Chronic heart failure is characterized by the aberrant motion and remodeling of the failing heart. Growth and repair processes of the heart are guided by mechanical stimuli (47, 48). Remodeling can result in increased ventricle size with dilated, thinned walls. Passive restraint devices and strategies to reduce ventricular size or increase wall thickness have been shown to attenuate or reverse adverse remodeling (49–51). Our device could potentially be turned off when no longer required, and clinicians could tailor the device as a passive restraint device, partial support, or full support. Thus, the device provides a versatile platform to manipulate the mechanical environment of the heart to target cardiac rehabilitation or recovery. Furthermore, the addition of twisting actuators assisted with the overall function of the heart and contributed to untwisting as well as twisting, which has the potential to assist with diastolic function.

The modularity of the sleeve allows univentricular or biventricular assistance and customization to the needs of the patient. In terms of safety, mechanisms for detecting any leakage or failure of the actuators can be added into the control system, and an individual actuator could be immediately shut off if necessary. The modularity of the design, coupled with the low profile of the passive actuators, allows redundancy (or excess actuators) to be designed in. If one of the actuators fails, and gets deactivated, another “backup” actuator, previously inactive, can take over its function.
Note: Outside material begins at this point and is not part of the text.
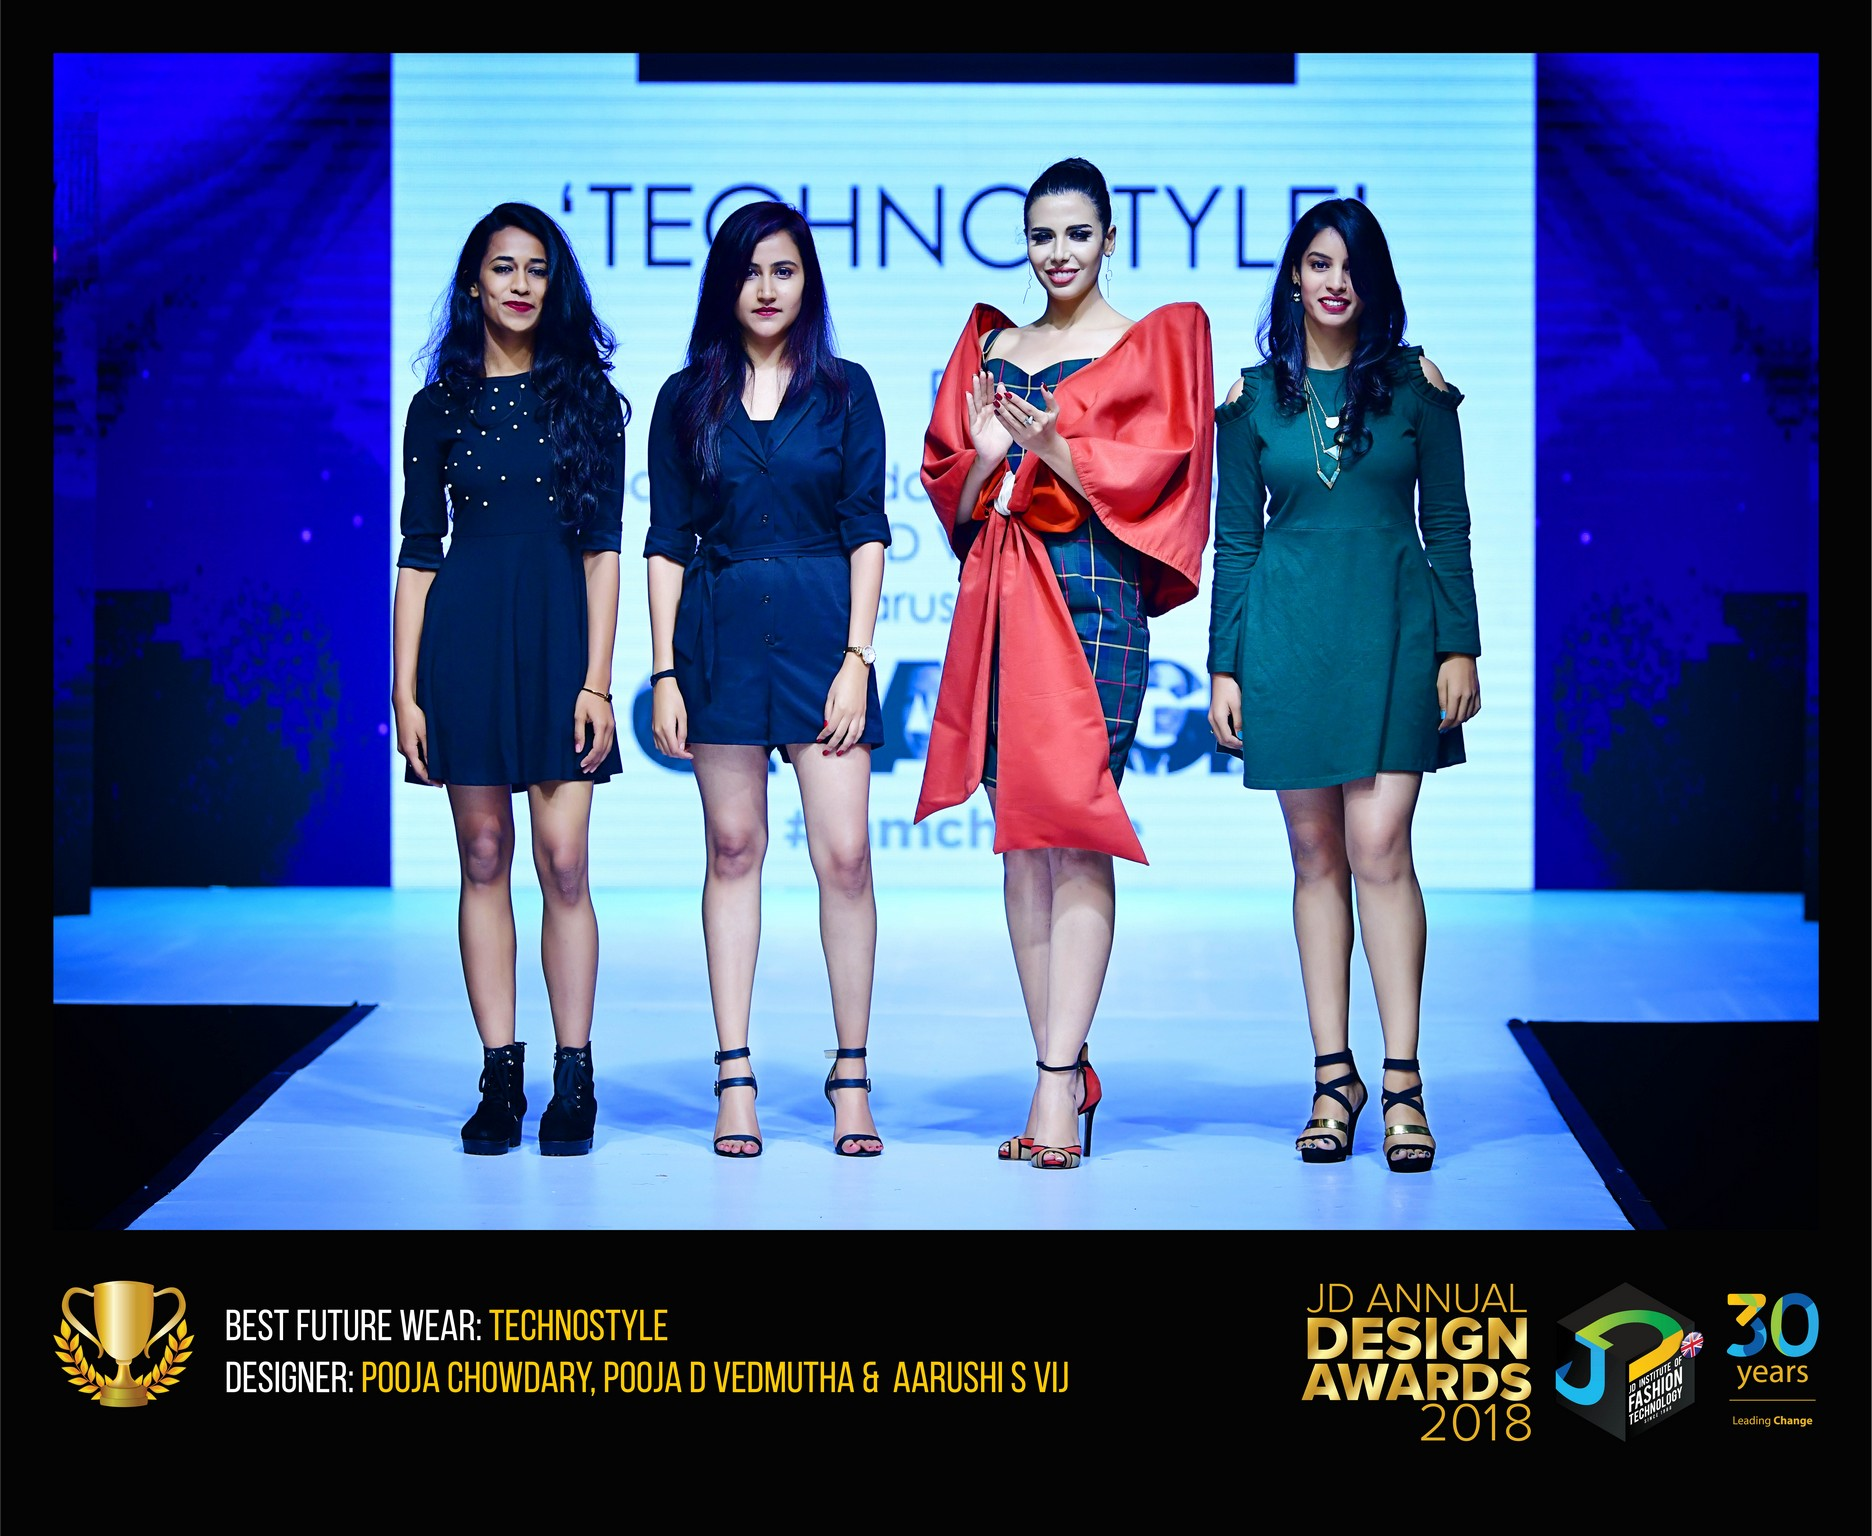 Techno style – Change – JD Annual Design Awards 2018 | Designer: M. Pooja, Pooja.D | Photography : Jerin Nath (@jerin_nath) techno style - Technostyle7 - Techno style – Change – JD Annual Design Awards 2018

The current version of the device is a tethered implantable system and uses wall-compressed air supply for actuation. Further development will need to miniaturize the entire system, so it can be implanted in the body or have the pump and system controller be worn around the waist of the patient, similar to other devices (18, 52, 53). If a fluidic tether is required to connect an external pump to the soft robotic sleeve, a parallel line could serve as an additional conduit for the delivery of therapeutic agents. Such approach could enable the exciting concept of mechanical biological combination therapy, incorporating reservoirs into the soft robotic sleeve for sustained delivery of small molecules, proteins, or cellular products to promote regeneration or for on-demand antiarrhythmic agents.

Although this study demonstrated proof of concept for this approach, we acknowledge that there are a number of limitations and that further work is required to advance this technology along the translational path. First, the data are from a small number of animals, because the primary goal of the study was to establish feasibility. Second, the studies were acute and therefore not representative of the remodeling or humoral changes that take place during chronic heart failure. Longer-term implantation studies in animals with chronic heart failure will be required to study the long-term effects of this kind of therapy in vivo including remodeling of the heart and long-term perfusion of end organs by measuring parameters such as lactic acidosis. Third, the biocompatibility of all of the materials should be tested and substituted with appropriate materials if necessary. Fourth, the long-term mechanical properties of the hydrogel interface and the effect of the hydrogel on the long-term efficacy of the device were not investigated. Last, the development of a bioadhesive or biointegrating component will be crucial. Here, we used a combination of mechanical, chemical, and suction strategies for acute device attachment. These approaches would not be adequate for long-term implantation. Ongoing efforts should focus on developing more practical alternatives.

In conclusion, we have demonstrated that a biomimetic soft robotic device, whose material properties and architecture mimic that of the native heart, can support cardiac output in an acutely failing pig heart. By addressing a pressing clinical problem with the application of soft robotic technologies for support of cardiac function, we present an active sleeve that is customizable to patient-specific needs and has a potential to bridge a heart failure patient to transplant or to aid in cardiac rehabilitation and recovery.